I still know I am no where near getting to a place where I have accepted that I am not an awful person. However, I don’t feel that I made the right decisions for myself these past few days.
Honestly, I have been wondering about this hangout i just had. I invited a bunch of people to come and some couldn’t make it but a lot of them did which was great. I didn’t get to hang out with them all but I got to talk to most of them. The issue is the two people I wasn’t sure about inviting. I didn’t invite one person because she has never been genuinely nice to me or initiated conversation that didn’t benefit her or interest her. I remember trying to have a conversation with her multiple times and she just wouldn’t have it. Now that I am working on the same production she is, it is like she is trying be nice. The awkward thing now is that I am relatively good with everyone in the cast minus three of them, her included. I just don’t get a “good” vibe from being around her, she makes the good juju go down for me.

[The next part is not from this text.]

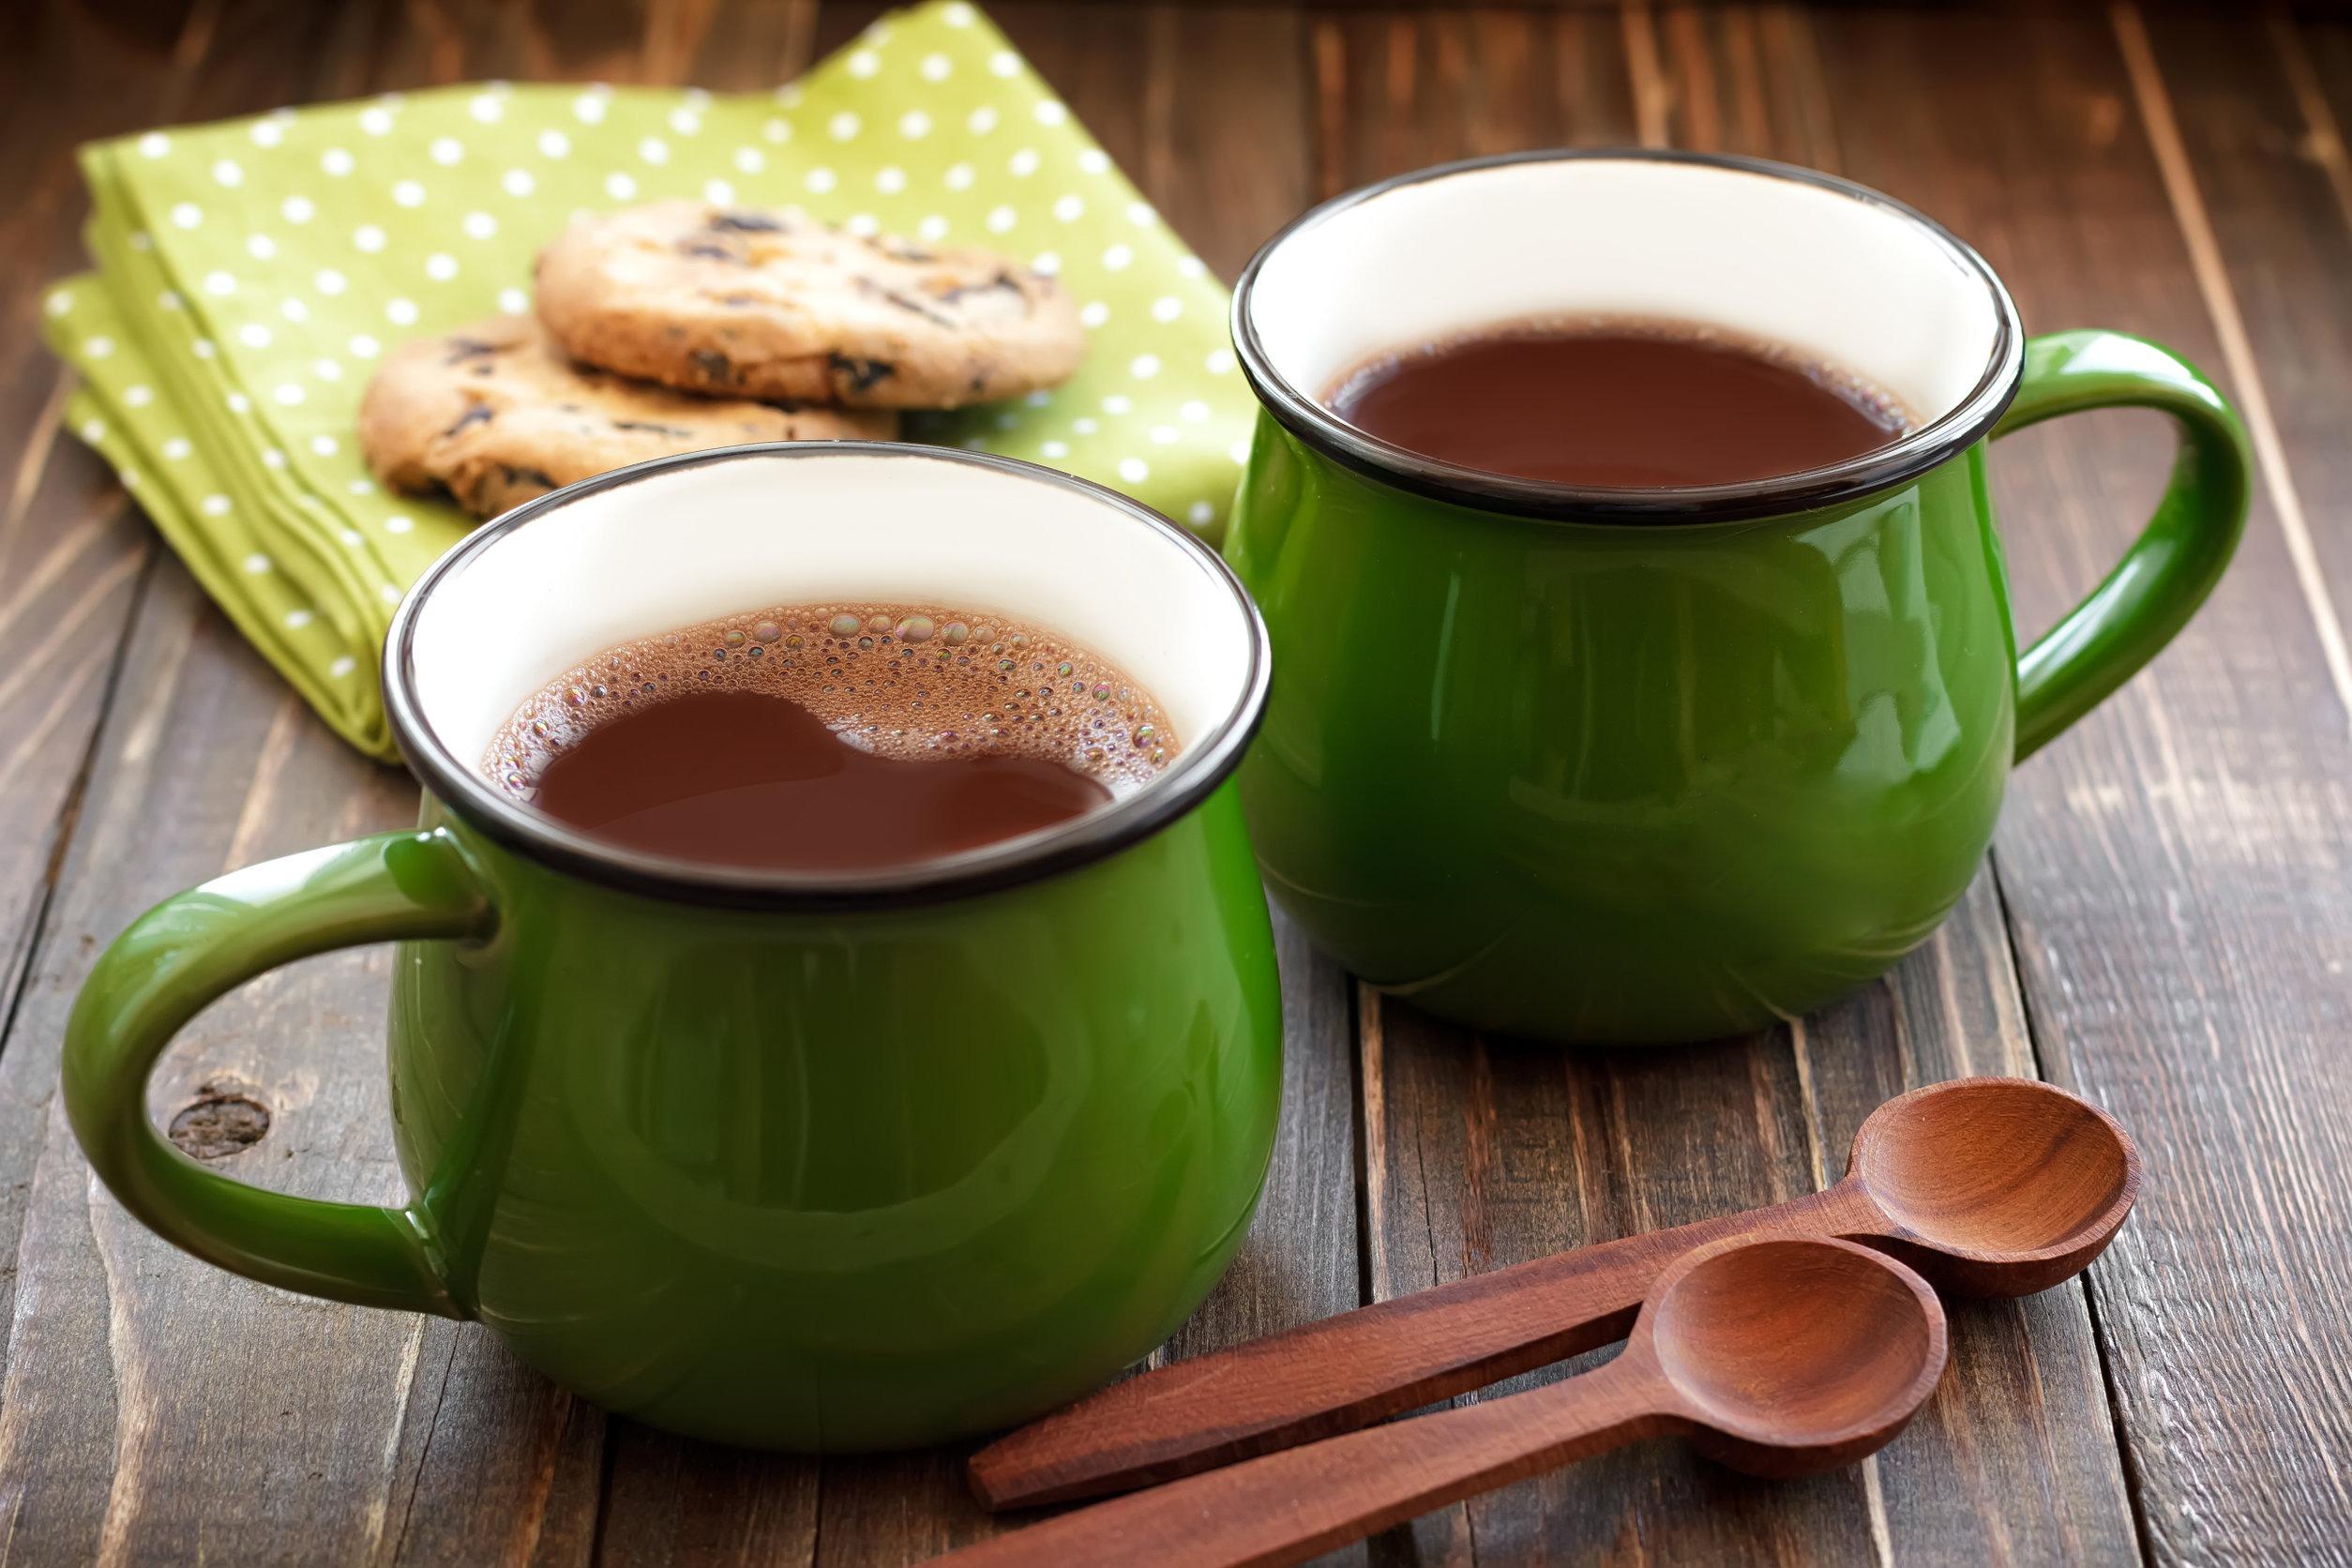 Spicy Maple Hot Cocoa
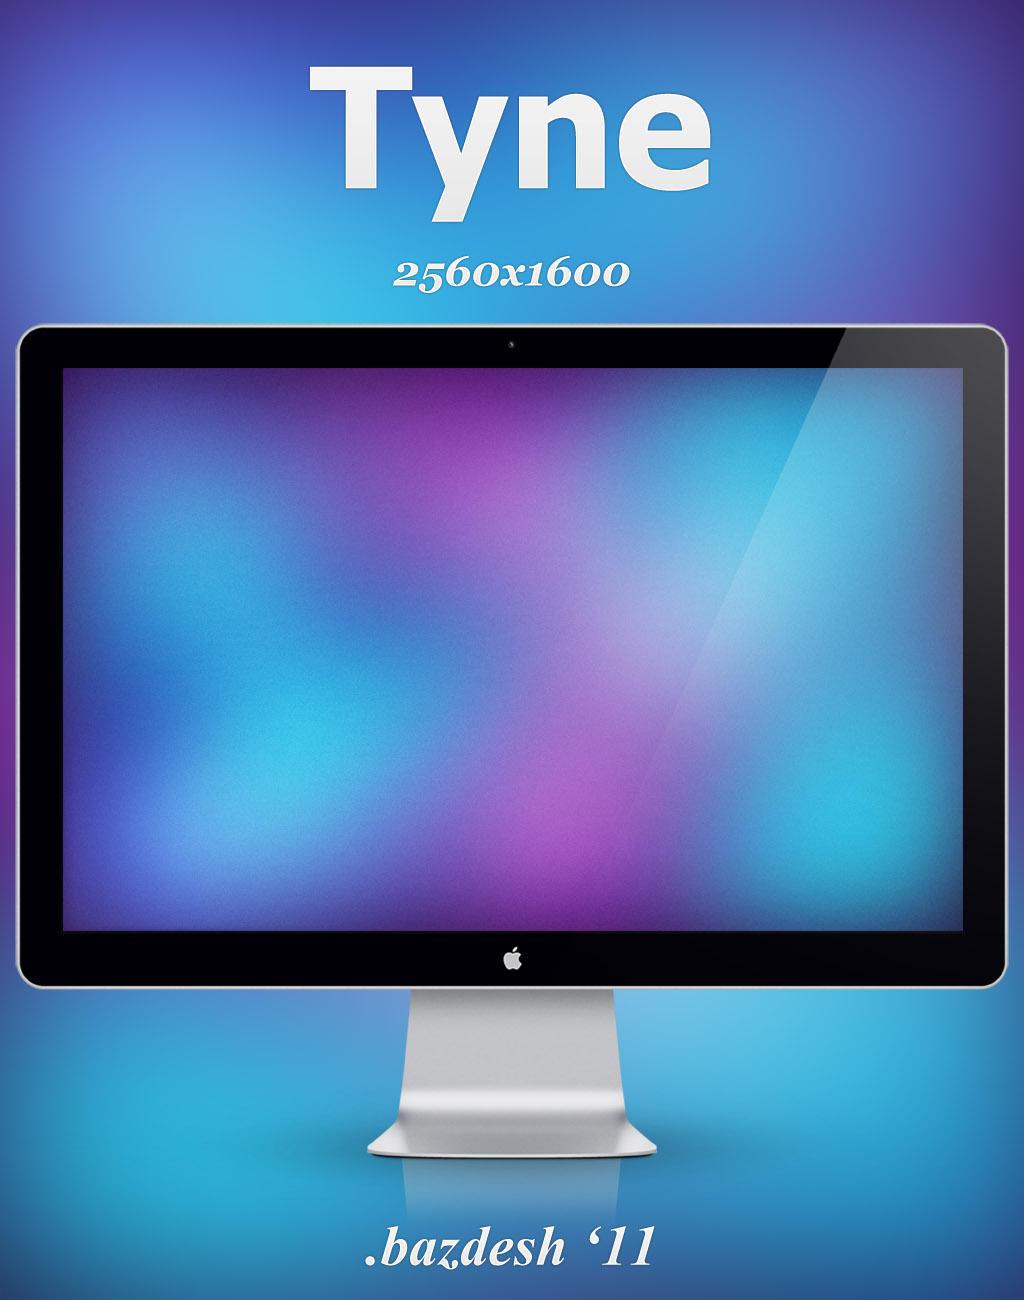 Tyne by bazdesh

The other person I hadn’t invited is her best friend and they practically go everywhere together. I honestly wouldn’t have minded her going but knew she would have invited the girl above.
I think it might be karma or something since the two ended up coming to eat with all of us. Now, I never said that someone couldn’t come. I always said that the lunch was open for everyone and I wonder if they both will think that I excluded them on purpose. Which, in a sense, I did, but it wasn’t intentional that I didn’t want to be around them. If the past were different or if I were on good terms with them, However, it wasn’t and I guess you can argue that it was intentional, but I never closed off someone from coming.
I need to know: Does this make me an awful person?
I think I am an awful person because I don’t feel good with interaction with people and this just didn’t do it for me. I feel as though I have nothing in life that is so exciting for me at this point, right now. Am I just in a rut?